View our latest analysis for Gamehost
What is Gamehost worth?
Gamehost is currently expensive based on my price multiple model, where I look at the company's price-to-earnings ratio in comparison to the industry average. I’ve used the price-to-earnings ratio in this instance because there’s not enough visibility to forecast its cash flows. The stock’s ratio of 21.75x is currently well-above the industry average of 15.29x, meaning that it is trading at a more expensive price relative to its peers. But, is there another opportunity to buy low in the future? Since Gamehost’s share price is quite volatile, this could mean it can sink lower (or rise even further) in the future, giving us another chance to invest.
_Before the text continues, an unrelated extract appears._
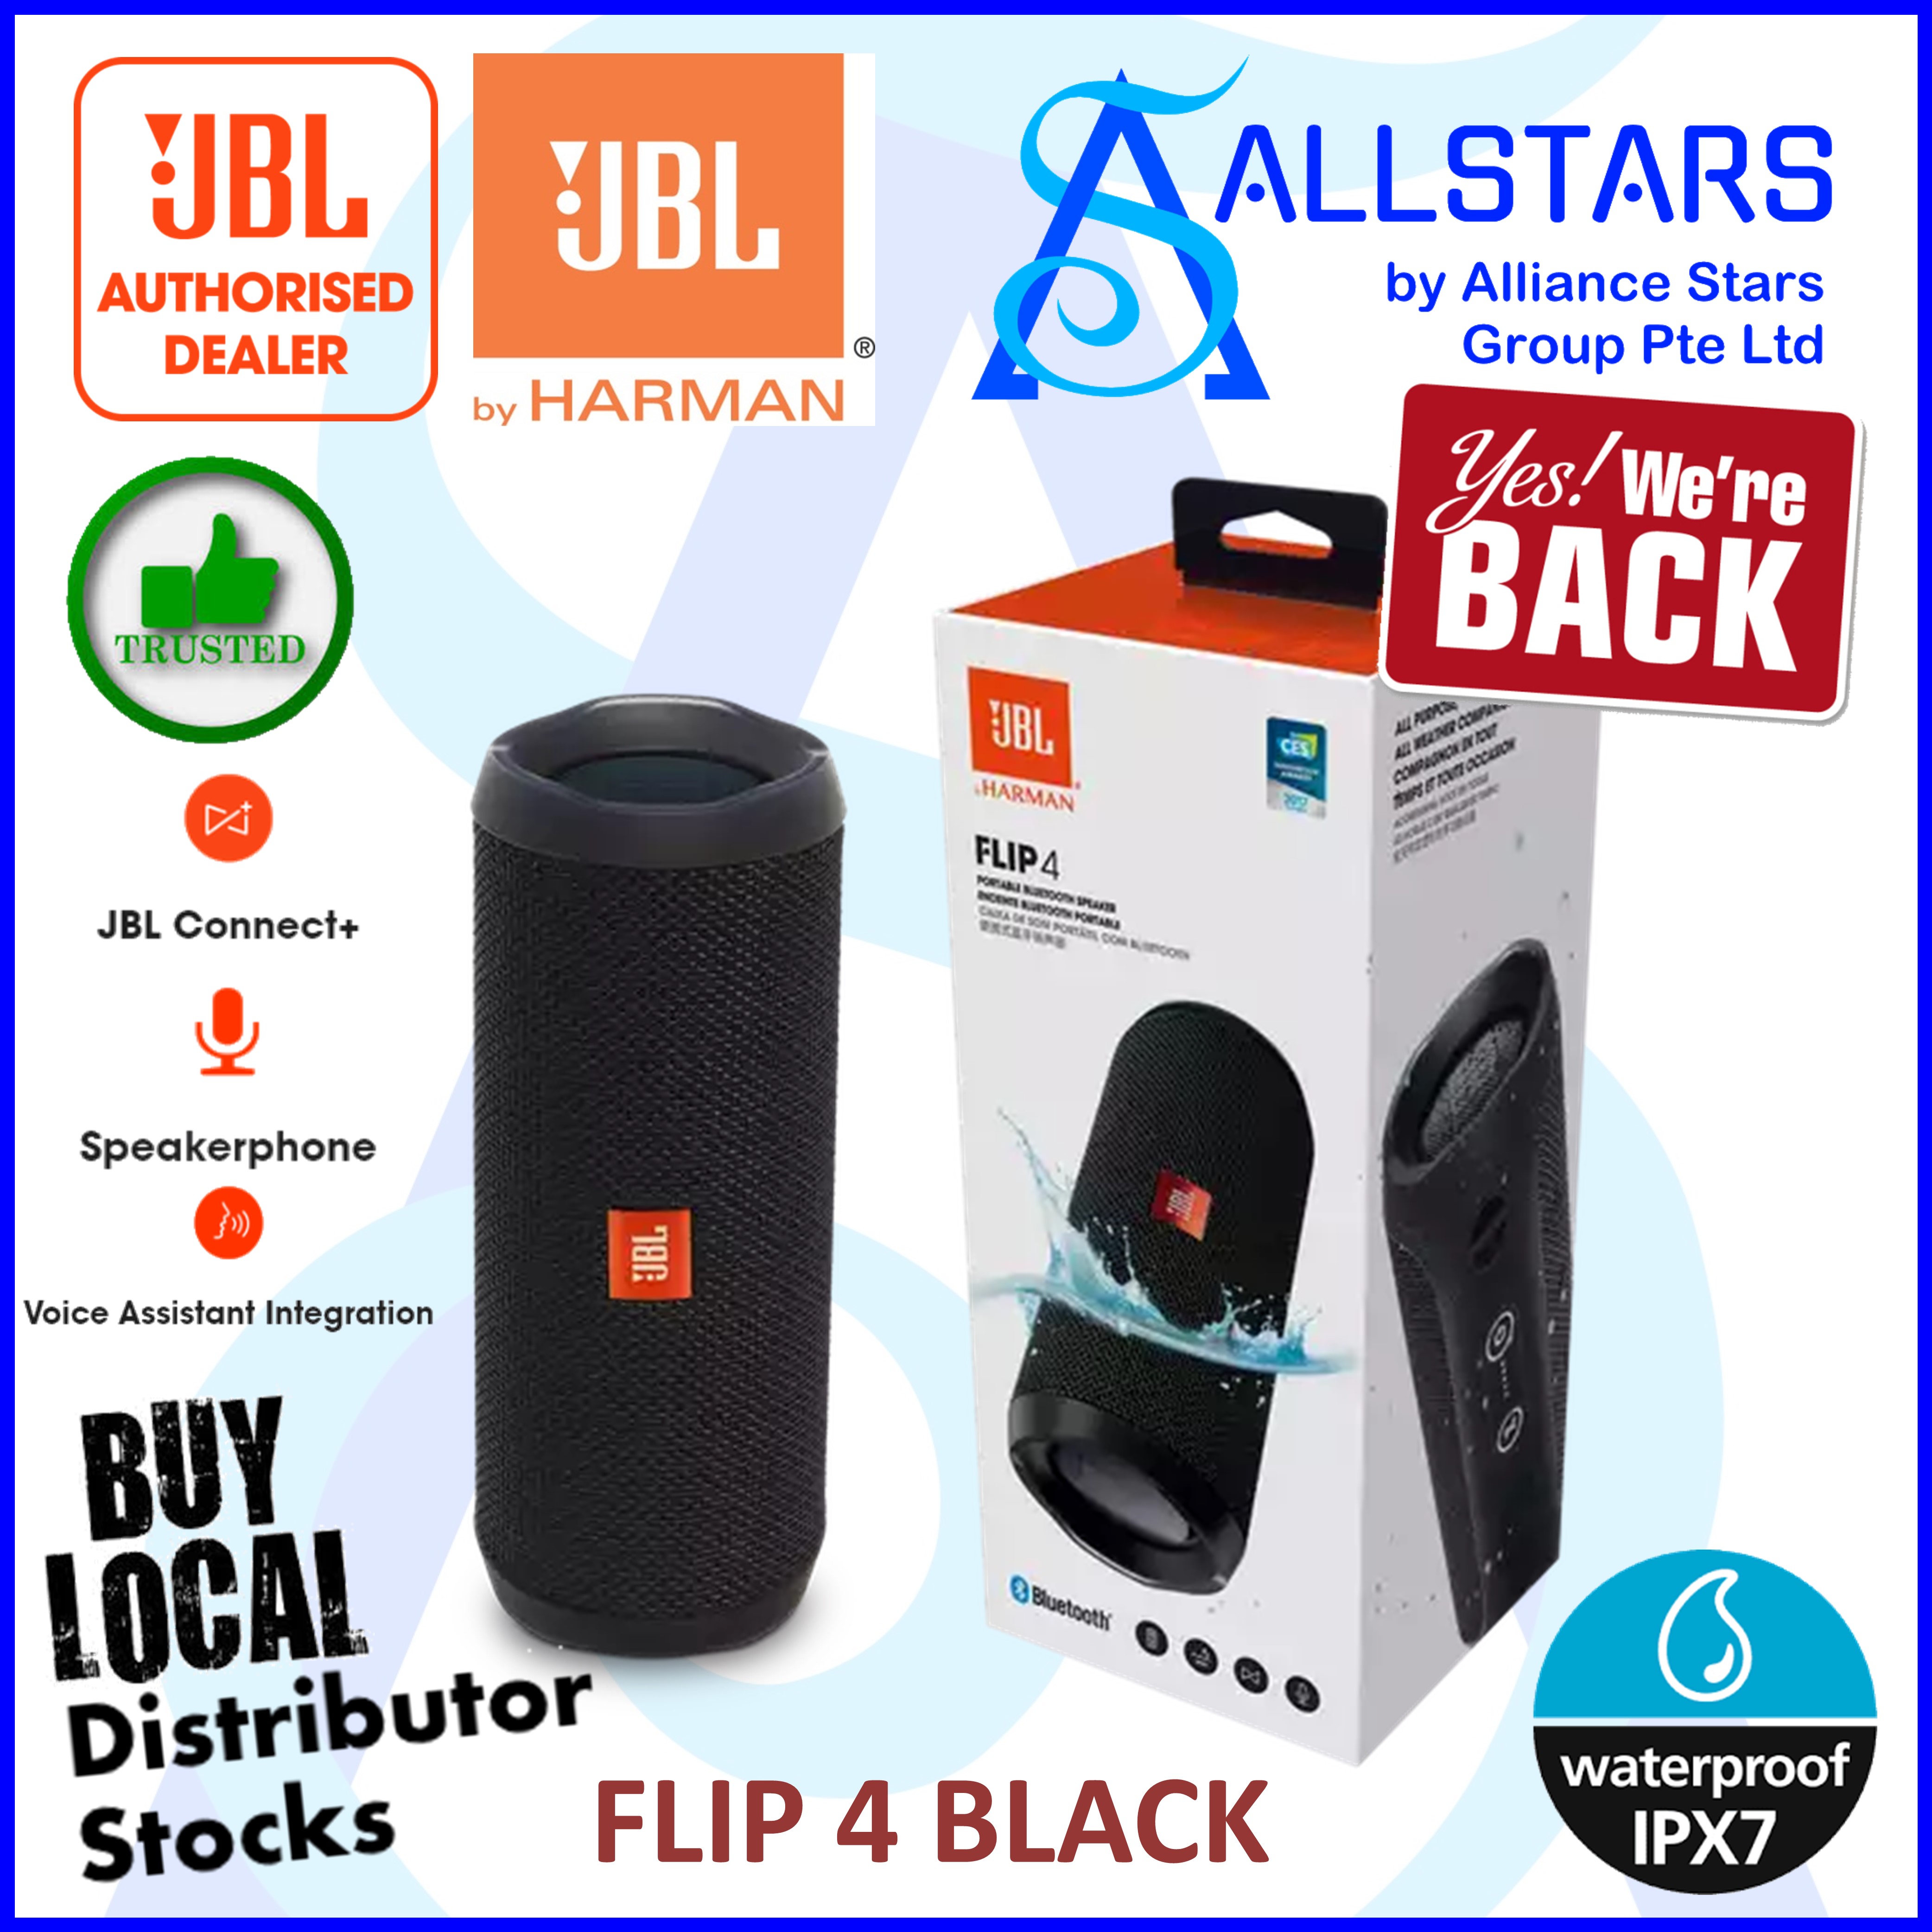 Næste budget Junior ALLSTARS : We Are Back Promo) JBL Black Flip 4 Portable Bluetooth Speaker  (JBLFLIP4BLK) (Warranty 1year with Local Distributor IMS) | Lazada Singapore

This is based on its high beta, which is a good indicator for how much the stock moves relative to the rest of the market.
What kind of growth will Gamehost generate?
Future outlook is an important aspect when you’re looking at buying a stock, especially if you are an investor looking for growth in your portfolio. Although value investors would argue that it’s the intrinsic value relative to the price that matter the most, a more compelling investment thesis would be high growth potential at a cheap price. With revenues expected to grow by 49% over the next year, the future seems bright for Gamehost. If the level of expenses is able to be maintained, it looks like higher cash flow is on the cards for the stock in the upcoming year, which should feed into a higher share valuation.
What this means for you:
Are you a shareholder? GH’s optimistic future growth appears to have been factored into the current share price, with shares trading above industry price multiples. However, this brings up another question – is now the right time to sell? If you believe GH should trade below its current price, selling high and buying it back up again when its price falls towards the industry PE ratio can be profitable. But before you make this decision, take a look at whether its fundamentals have changed.
Are you a potential investor? If you’ve been keeping an eye on GH for a while, now may not be the best time to enter into the stock. The price has surpassed its industry peers, which means it is likely that there is no more upside from mispricing. However, the optimistic prospect is encouraging for GH, which means it’s worth diving deeper into other factors in order to take advantage of the next price drop.